We had been strolling slowly up through the deep night of the walnut grove along the path which ends at the gate in the walled garden. The darkness, which had made us almost invisible, had brought us physically nearer together. Cornelia seldom takes anyone's arm; she likes to be free when she walks. But, in the obscurity, our swinging hands occasionally brushed at our sides, with an effect—a mutual effect, I believe—of merely instinctive or "animal" sympathy, which, in me, was instantly heightened into a kind of aching tenderness. At the same time I was conscious that our minds—what we call our minds—had been moving at a widening distance. And now shafts of light from the windows of Santo Espiritu cut across the path, and as we neared the gate, we stepped into the soft radiant glow of the place, and the color in the bluebird gown lived again. We hesitated, then stopped, and a momentary silence fell on us once more. I pulled the crushed and wilted heliotrope from my buttonhole, and inhaled the faint fragrance, meant for my "time of day." Then I said, with my ultimate effort:—

"Cornelia, when one goes out at the church door, one enters the universe. The only blessed mood that I know comes when I feel that all the universe is holy. And a sacrament, as I understand it, makes not merely the difference between a house and a church; it makes also the difference between a house and a home. When the world is before one, where to choose, as it is for every one of us since Adam's day, don't we have to pick and choose—even about the 'really great things'? Like, for example, how we are going to spend what remains, at our time of life, of our poor little hungry human lives?"
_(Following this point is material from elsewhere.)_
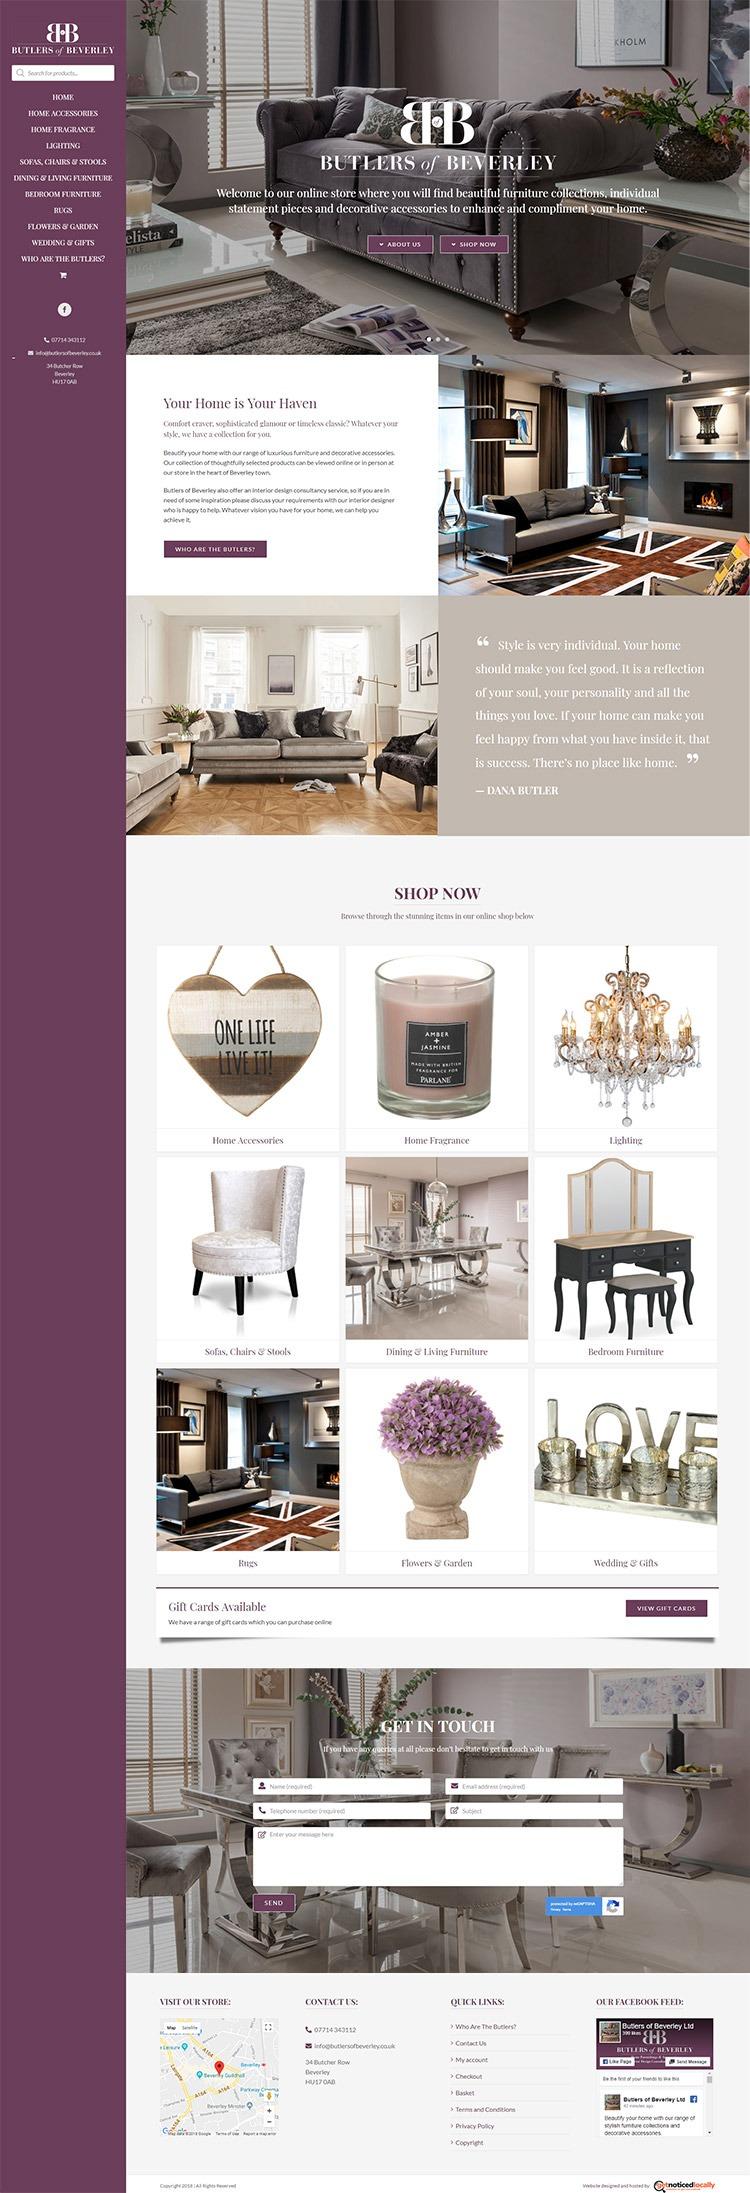 Butlers of Beverley website layout

"No," Cornelia replied. "No; for me, there is no choice at all about those things. Everything is perfectly clear to me now. I am going to spend mine with Oliver. The reason why Oliver and I rasped so upon one another last spring was that we were too near together, with no point of contact but our miserable nerves. I have been learning this summer how to 'carry on' with Oliver. When we are together again in the fall, I shall not live with him, any more than I have for years. I shall live in my blessed mood—in my secret garden. And I shall be happy again, perfectly happy."

"And I?"

"You are an old dear!" she said. "A very dear old dear! Come now, let's go in." She seized my hand gayly, like a child, and opened the gate, and led me through the walled garden, damp with the spraying fountain, into the bright colorful patio, fragrant with the cedar-wood fire. The mah jongg game was still in progress but Father Blakewell and Cornelia's sister relinquished their places and withdrew. We played for an hour with the children. Cornelia, who sat opposite me, drew all the "honors" and "wooed" with hands full of seasons and dragons, while I steadily failed to complete my sequences and ended the evening with four winds, one of each kind, on my hands.

When we broke up for the night, Cornelia unfolded a plan for my assisting Mr. Blakewell with tutoring the children several hours a day for the next two weeks; and, as a matter of fact, we adhered strictly to the programme.

They gave me a cool bed in the guest-chamber, with a couch, at my discretion, prepared on the flat roof above, to which a staircase inside my room gave access. I chose the bed on the roof. I lay awake there for a long time, studying the constellations and the star clusters of the Milky Way, and recalling how, in the summer before, after the little flurry over the bobbed hair had kindled in my heart a faint flicker of hope, I had gone out at midnight with a strong field-glass, and had lain for hours in the ferns, trying in vain what I had often heard could easily be accomplished—to disjoint and separate the double stars.